It just creates a default Disassembler object, sets its search heuristics to the value specified in the SgFile node above the interpretataion (presumably the value set with ROSE's "-rose:disassembler_search" switch), and invokes the disassemble() method.
| void Disassembler::set_partitioner | ( | class Partitioner * | p | ) | [inline] |
Specifies the instruction partitioner to use when partitioning instructions into functions.
If none is specified then a default partitioner will be constructed when necessary.
| class Partitioner* Disassembler::get_partitioner | ( | ) | const [inline] |
Returns the partitioner object set by set_partitioner().
| void Disassembler::set_search | ( | unsigned | bits | ) | [inline] |
Specifies the heuristics used when searching for instructions.
The bits argument should be a bit mask of SearchHeuristic bits.
| unsigned Disassembler::get_search | ( | ) | const [inline] |
Returns a bit mask of SearchHeuristic bits representing which heuristics would be used when searching for instructions.
| void Disassembler::set_wordsize | ( | size_t | ) |
Specifies the word size for the SEARCH_WORDS heuristic.
The default is based on the word size of the file header used when the disassembler is constructed.
| size_t Disassembler::get_wordsize | ( | ) | const [inline] |
Returns the word size used by the SEARCH_WORDS heuristic.

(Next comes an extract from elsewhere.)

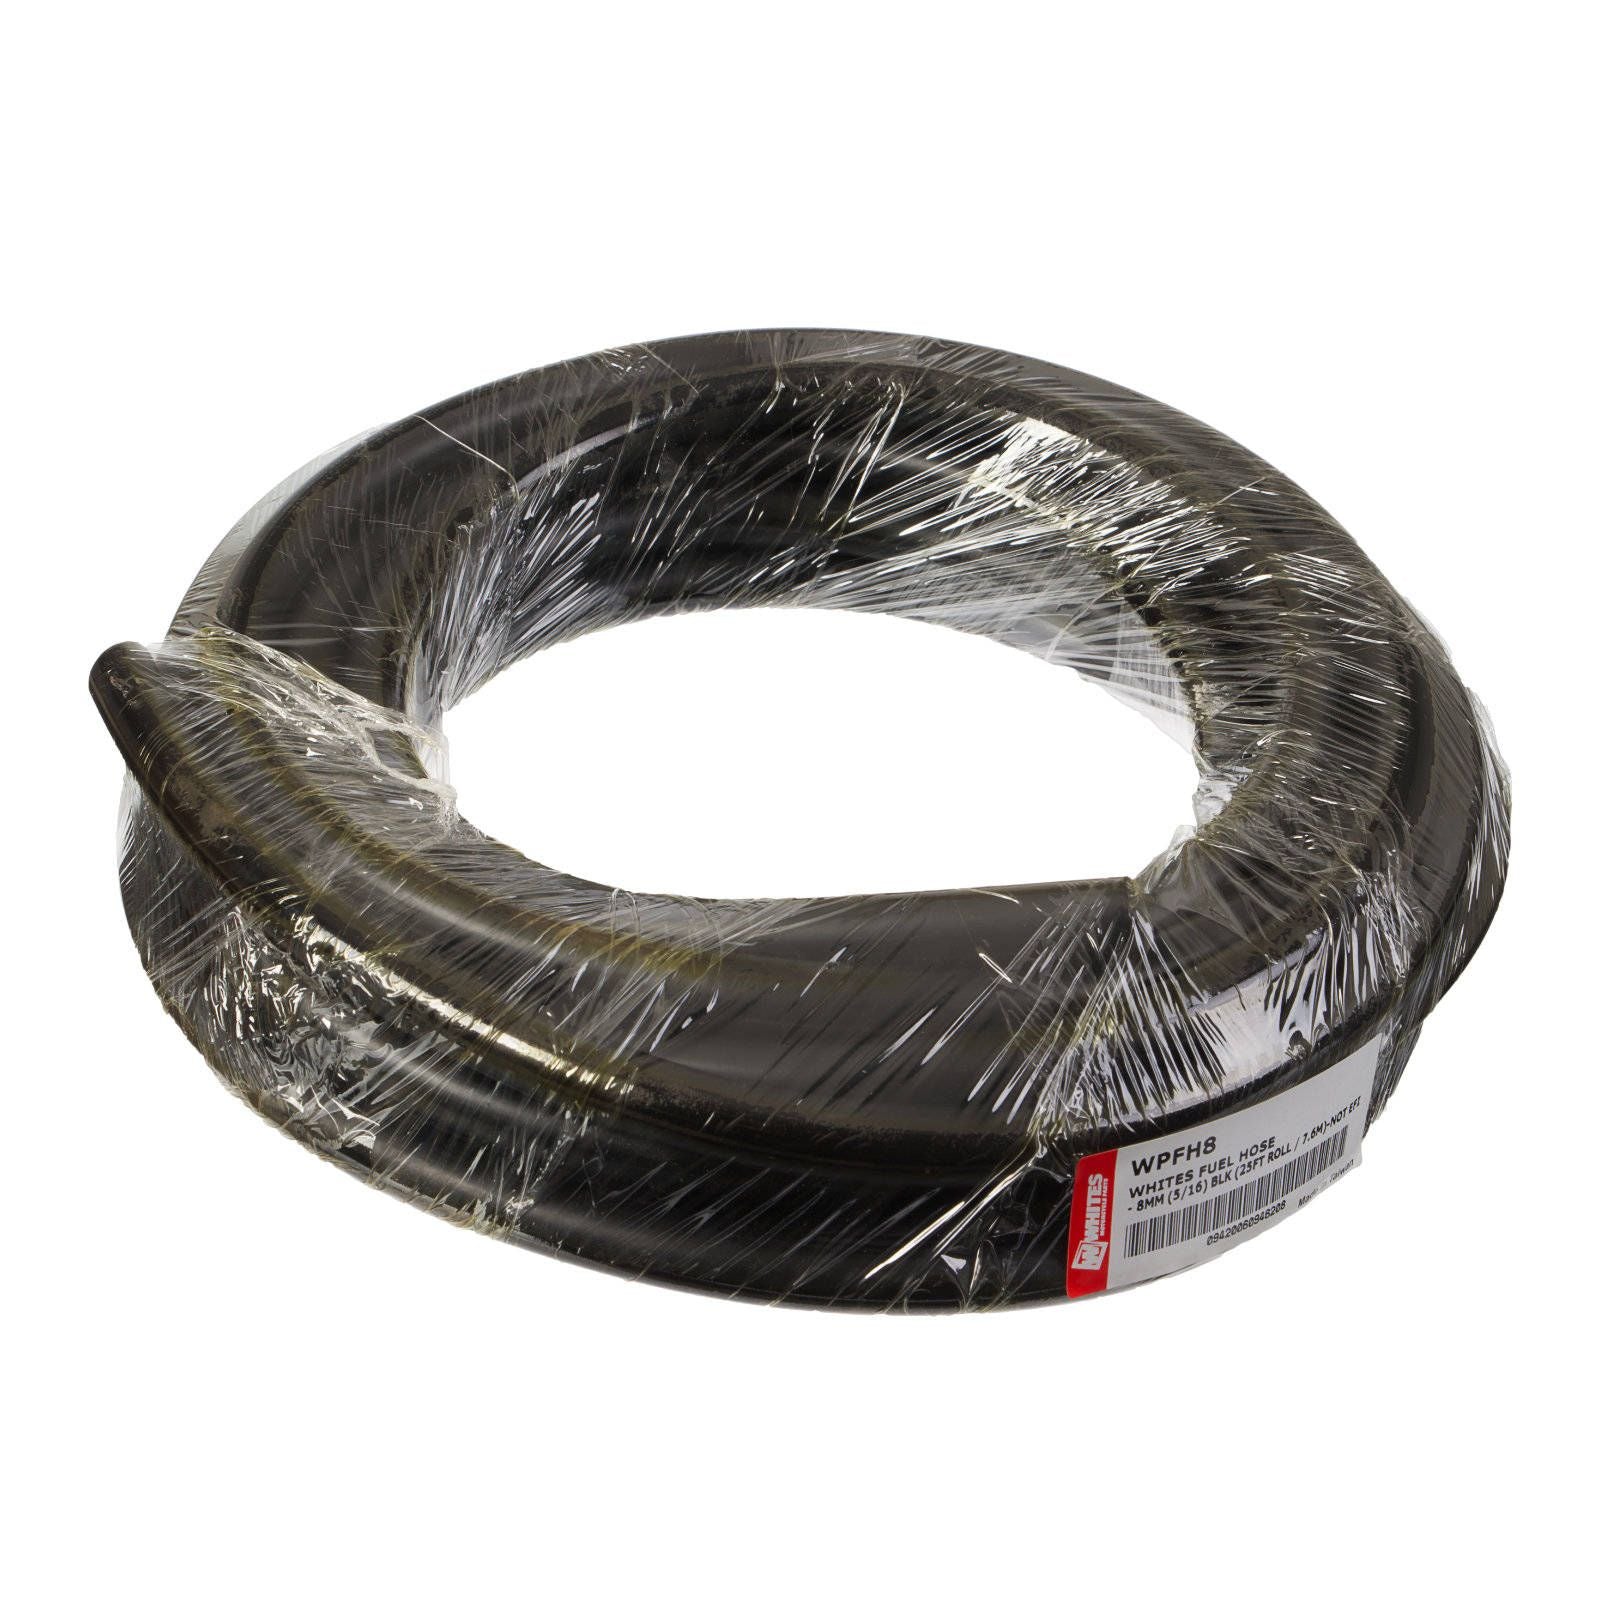 New WHITES Fuel Hose - 8mm (5/16) Blk (25Ft Roll / 7.6M)-Not Efi #WPFH8
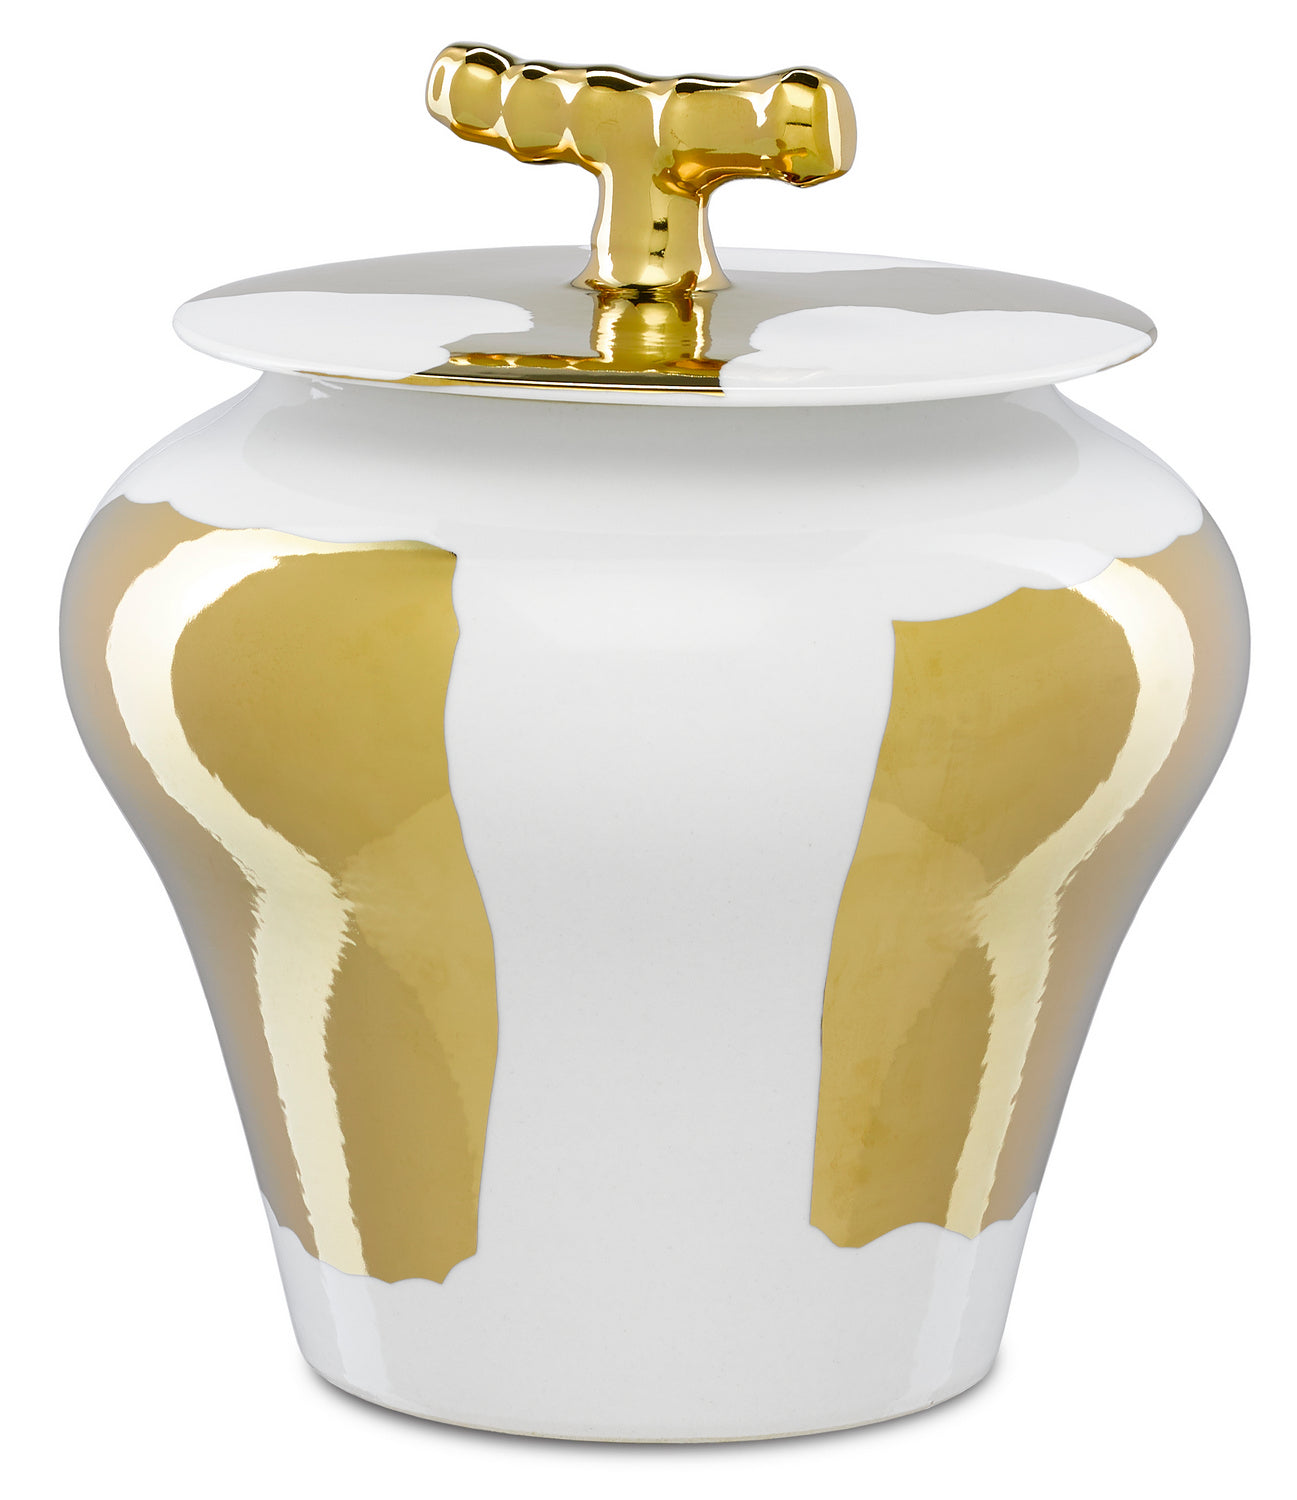 Jar from the Brill collection in White/Gold finish

| void Disassembler::set_alignment | ( | size_t | ) |
Specifies the alignment for the SEARCH_WORDS heuristic.
The value must be a natural, postive power of two. The default is determined by the subclass (e.g., x86 would probably set this to one since instructions are not aligned, while ARM would set this to four.
| size_t Disassembler::get_alignment | ( | ) | const [inline] |
Returns the alignment used by the SEARCH_WORDS heuristic.
| void Disassembler::set_sex | ( | SgAsmExecutableFileFormat::ByteOrder | sex | ) | [inline] |
Specifies the byte order for the SEARCH_WORDS heuristic.
The default is based on the byte order of the file header used when the disassembler is constructed.
| SgAsmExecutableFileFormat::ByteOrder Disassembler::get_sex | ( | ) | const [inline] |
Returns the byte order used by the SEARCH_WORDS heuristic.
| void Disassembler::set_debug | ( | FILE * | f | ) | [inline] |
Sends disassembler diagnostics to the specified output stream.
Null (the default) turns off debugging.
| FILE* Disassembler::get_debug | ( | ) | const [inline] |
Returns the file currently used for debugging; null implies no debugging.
| size_t Disassembler::get_ndisassembled | ( | ) | const [inline] |
Returns the number of instructions successfully disassembled.
The counter is updated by disassembleBlock(), which is generally called by all disassembly methods except for disassembleOne().
| virtual SgAsmInstruction* Disassembler::disassembleOne | ( | const MemoryMap * | map, | |
| rose_addr_t | start_va, | |||
| AddressSet * | successors = NULL | |||
| ) | [pure virtual] |
This is the lowest level disassembly function and is implemented in the architecture-specific subclasses.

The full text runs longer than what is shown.